Design criteria that ensure the success of these methods include optimizing building orientation to manage solar exposure, incorporating shading devices and high-performance glazing to control heat gains, and ensuring airtight construction to minimize heat loss or infiltration. These criteria must be adjusted according to the climate type. In cold regions, the emphasis would be on retaining heat and leveraging passive solar gain. In contrast, in hot regions, the focus shifts to shading, ventilation, and reflective materials to minimize cooling loads.
Ultimately, the generalization of this method to other building types and climates requires a context-sensitive approach that integrates climate data, building function, and occupancy behavior. By tailoring the design and operational strategies to these variables, buildings can improve energy efficiency while maintaining or enhancing thermal comfort across diverse climates and use cases.
6. Conclusions
The widespread virus, commonly abbreviated as COVID-19, has led authorities to introduce lockdowns and impose restrictions on the number of employees. That leads to less intensive indoor mixed convection and makes turning off some radiators of an SH system, along with limiting ventilation rates while using the same radiant heating applications, bring the risk of a high return temperature.

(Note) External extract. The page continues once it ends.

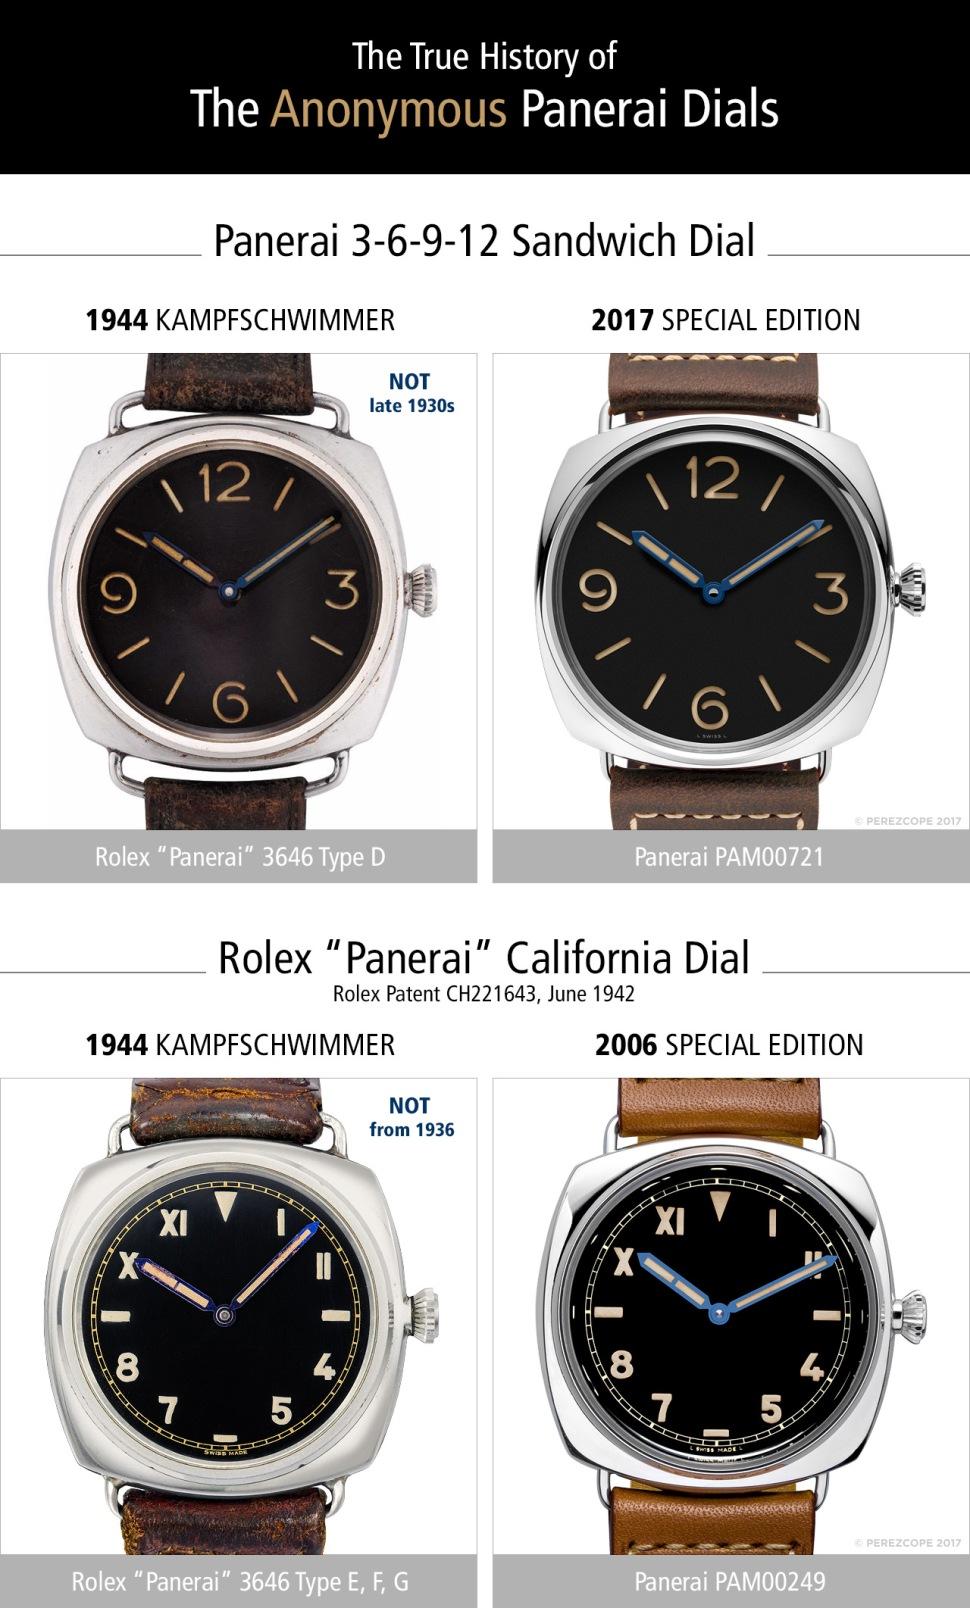 171212-info-panerai-anonymous-dials

There are three site- and building-specific conclusions:
After implementing new design and operational methods, the overheating of indoor spaces was alleviated. For a particular office building in Omsk (Russia), the average indoor temperature was reduced from 23.5 to 20.4 °C. According to national regulations, the threshold for indoor temperature in an office building during winter in Russia is pretty low and accounts for only 18 °C. Provided that fact, the level of thermal comfort above 20 °C is expressed as ‘normal’.

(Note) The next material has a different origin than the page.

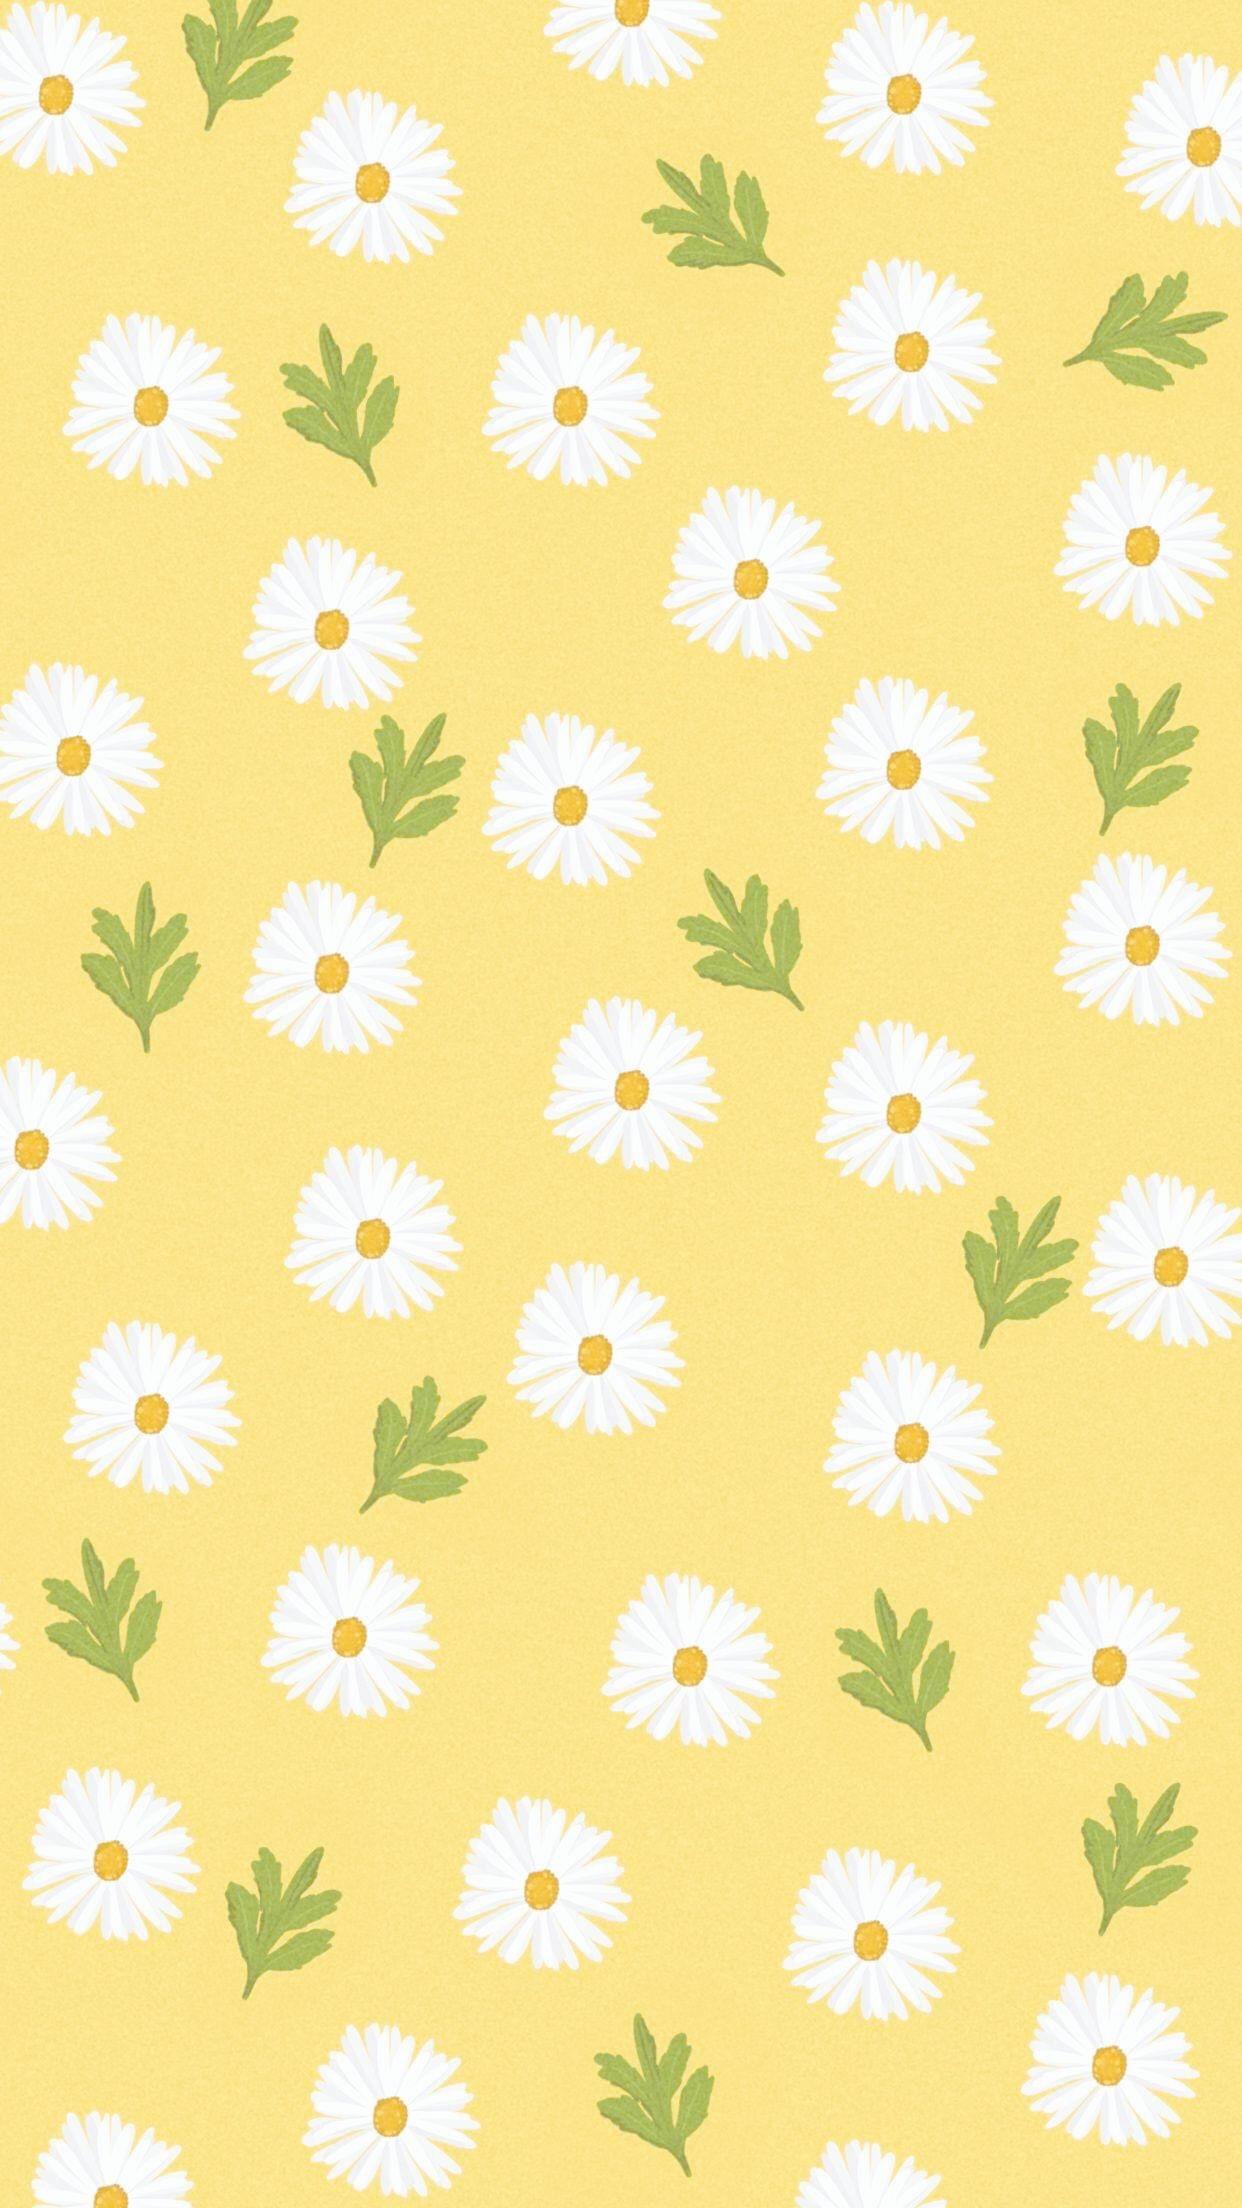 Nature White Daisy Flower iPhone 7 wallpaper Flowers

The thermal balance between offices is to be enhanced as demonstrated by the indoor temperature, variations in which became less steep. About 19.8% of energy will also be saved during the heating season.
Regarding the control of the indoor temperature and saving effect, we specifically compared the difference between the maximum values and the minimum values of absolute thermal comfort and heating demand per day, of which the minimum one (0.2%) corresponded to the optimal operation and ensuring the indoor environment by taking the wind into account and the maximum one to night setbacks (8.2%).

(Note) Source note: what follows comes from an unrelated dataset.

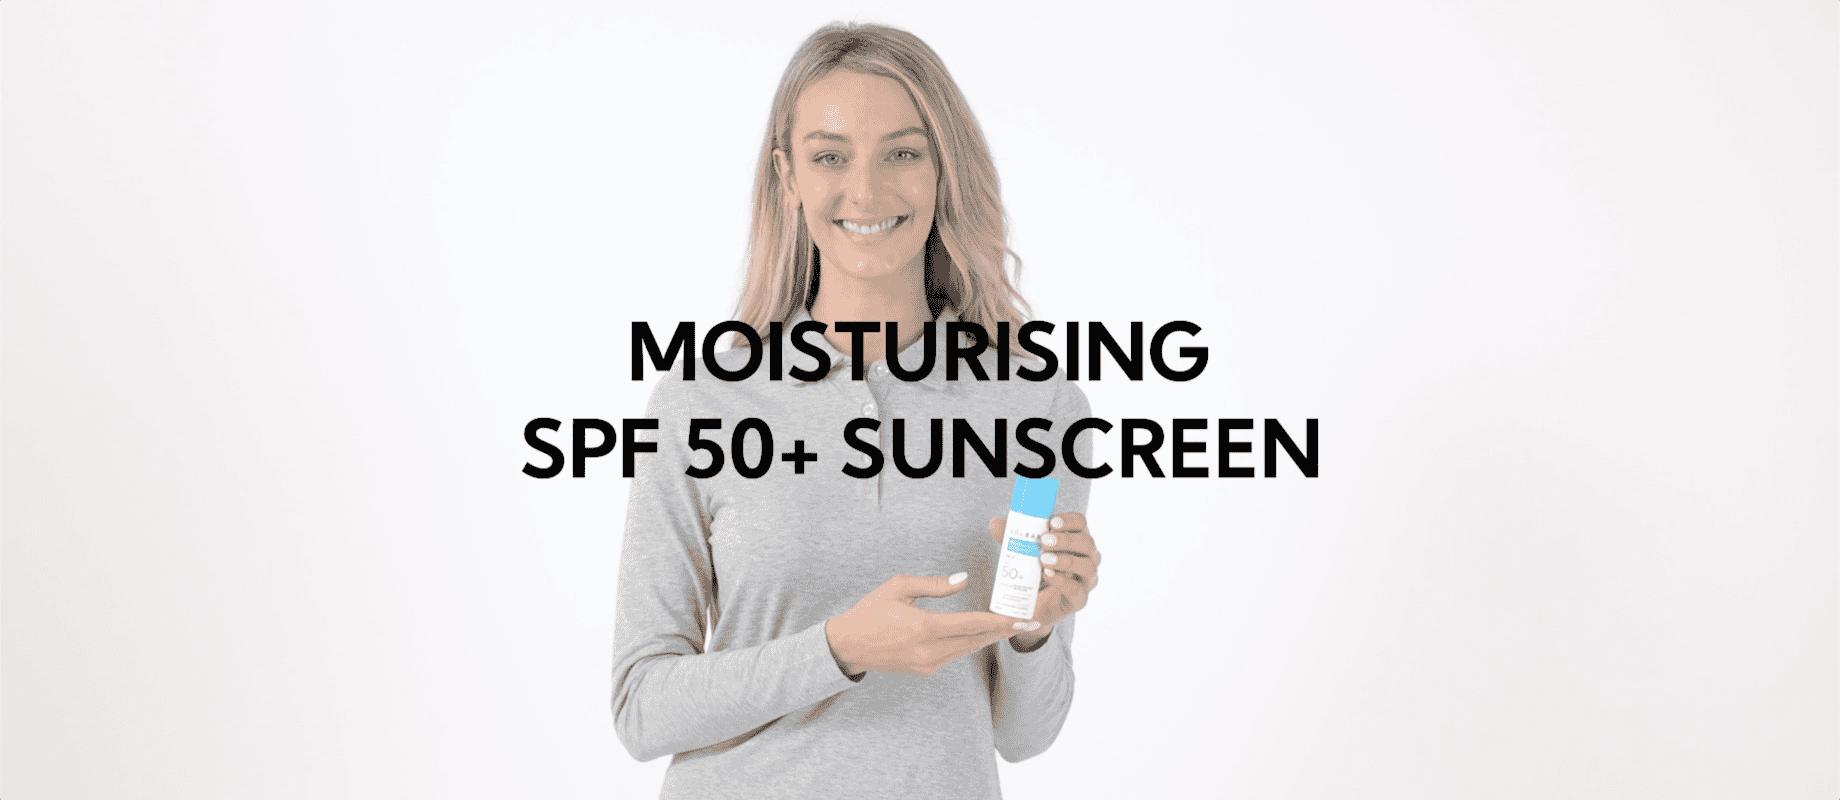 Moisturizing SPF50+ Face Sunscreen, 50ml / 1.7oz

The proposed indoor temperature control method employs logged data from sensors and advanced simulations to decrease energy use while maintaining occupant comfort. It integrates model adaptive control strategies for transient effects caused by varying thermal loads, occupancy patterns, and external weather conditions. This approach dynamically adjusts HVAC setpoints based on previous patterns, improving energy efficiency by up to 15% compared to traditional systems.
The new design methods emphasize considering building materials and glazing to minimize temperature fluctuations and delay peak thermal loads. Operational methods prioritize adaptive thermal comfort models, enabling a tolerance of transient temperature variations of up to 3 °C without sacrificing comfort, alongside occupancy-driven setpoint adjustments for periods of low demand, achieving energy savings of 10% to 20%. These innovations enhance building sustainability by harmonizing energy efficiency and thermal comfort in real-world applications.
In a nutshell, the indoor temperature fluctuations became smoother after the new control strategy was implemented. The building energy consumption also decreased drastically. This proves that the control strategy suggested in this paper has considerable heat conservation potential.